Selon Descartes, le souvenir des choses matérielles serait la conservation de certaines traces de mouvements provoqués dans le cerveau. Pareillement, l'imagination ne s'expliquerait que par des mouvements corporels joints à une certaine activité de l'âme. Ainsi seule la pensée serait active puisqu'elle n'aurait pas besoin de mouvements matériels et serait donc possible sans la perception et sans l'imagination.
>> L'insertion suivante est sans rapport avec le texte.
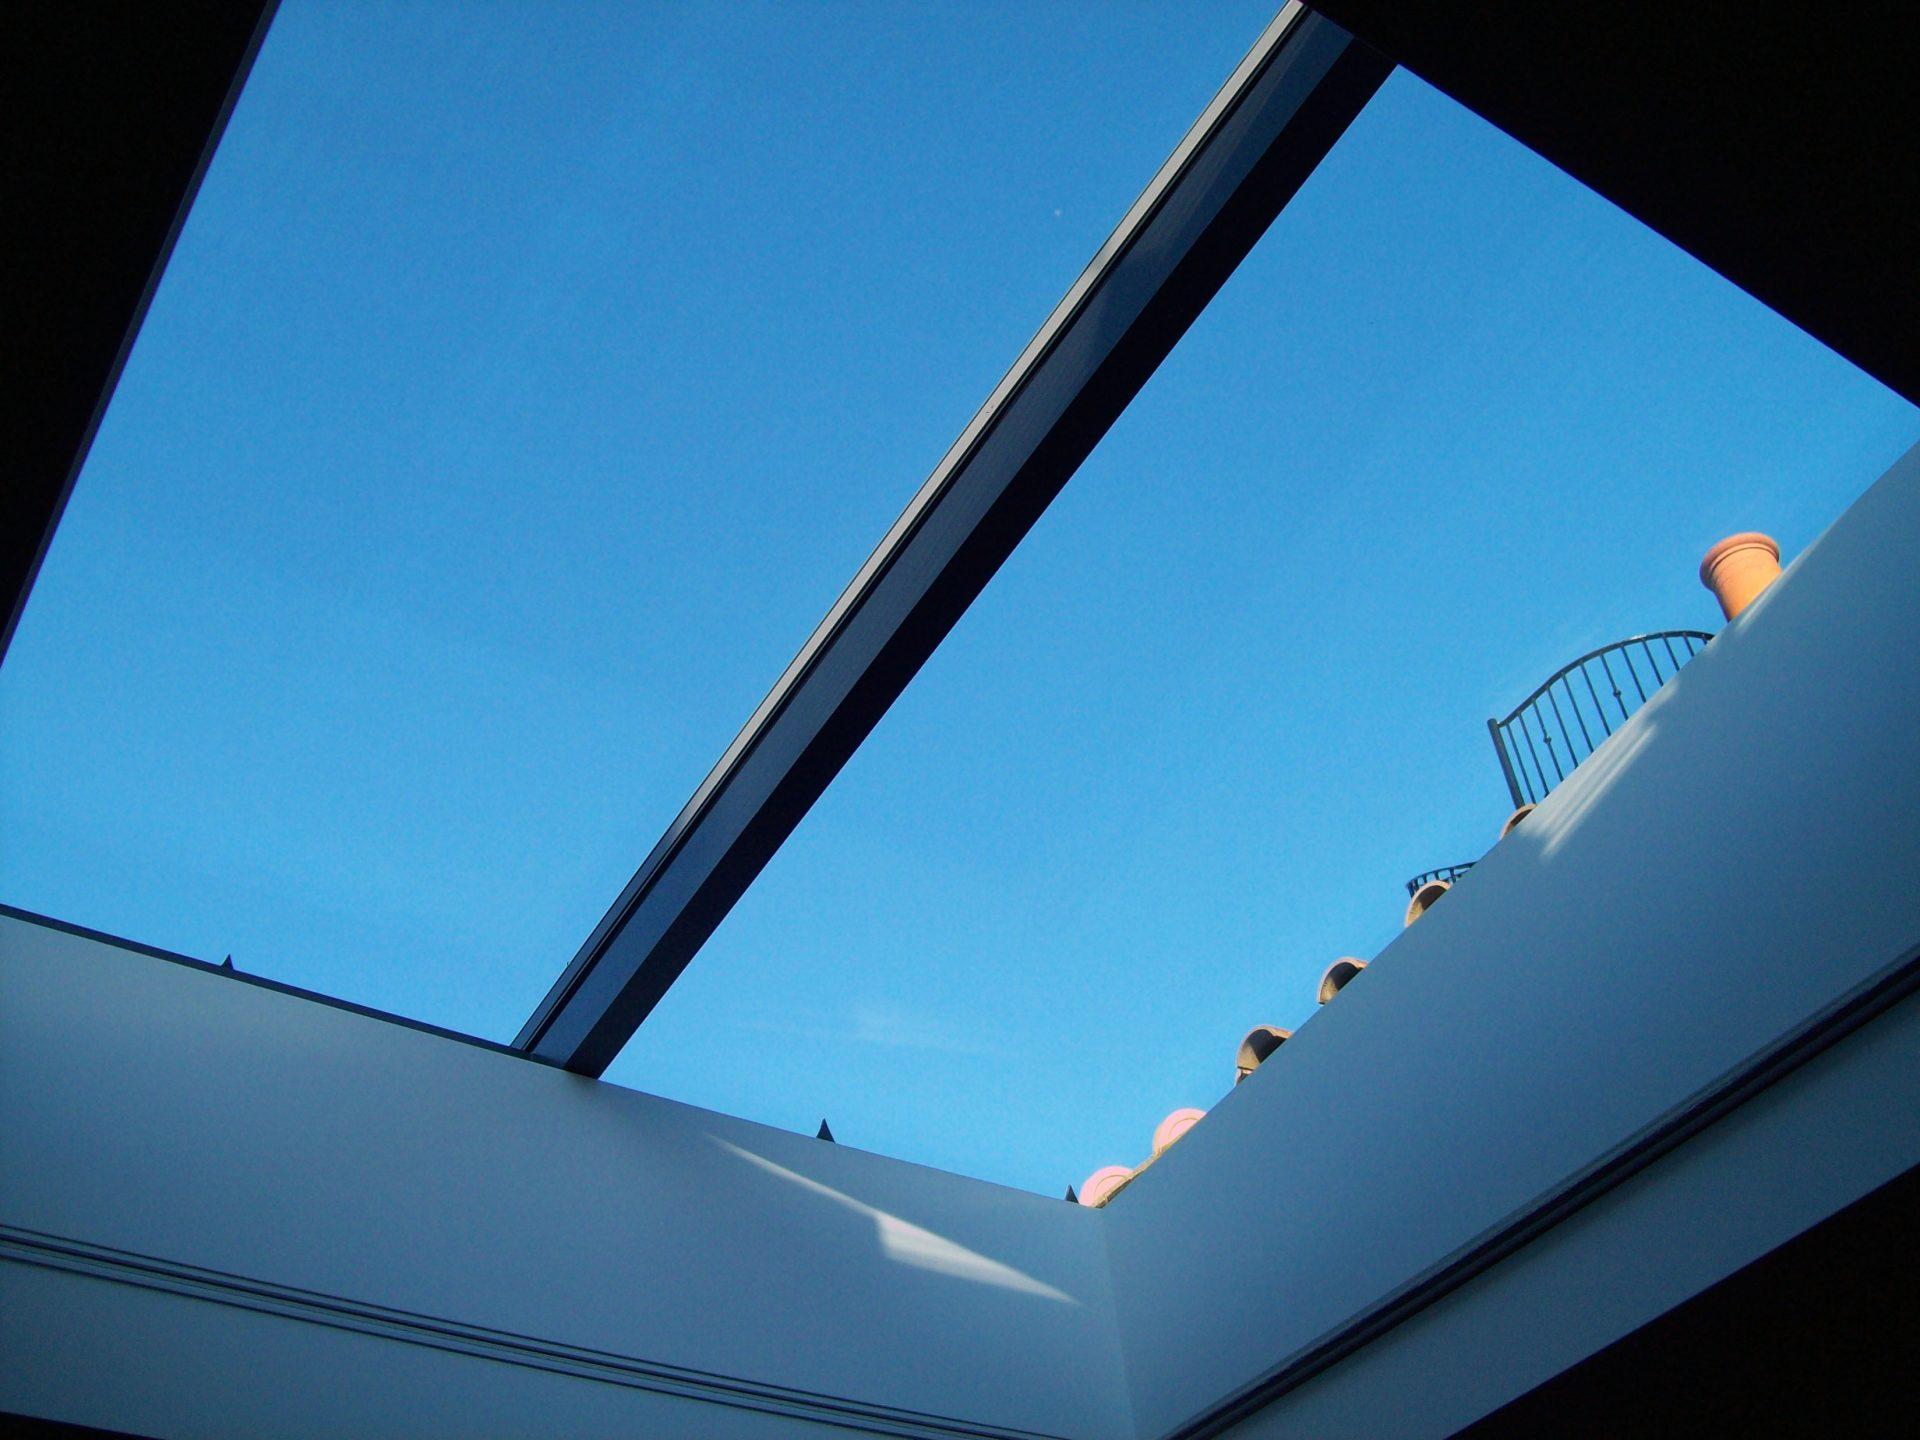 schiebedachfenster ber fest glazing vision europe. Black Bedroom Furniture Sets. Home Design Ideas

Pour les neuroscientifiques, un souvenir se construit en trois étapes :

  1. L'encodage de l'information transmise par le biais des sens jusqu'aux zones du cerveau concernées où elle sont traitées séparément, à savoir mémorisée (cortex périrhinal) et contextualisées (cortex parahippocampique). C'est l'hippocampe qui fera ensuite le lien en les deux types d'élément pour former un seul souvenir.
  2. La consolidation par le renforcement des connexions entre l'hippocampe et les deux zones du cerveau où a été stocké le souvenir (ce qui explique pourquoi on retient mieux par la répétition et pourquoi certains souvenirs s'effacent).
  3. La remémoration où le souvenir est ravivé par la mise en présence des sens par l'objet du souvenir où l'information va activer le cortex périrhinal qui va alors se connecter à l'hippocampe qui va réactiver le souvenir au niveau du cortex parahippocampique relié au contexte.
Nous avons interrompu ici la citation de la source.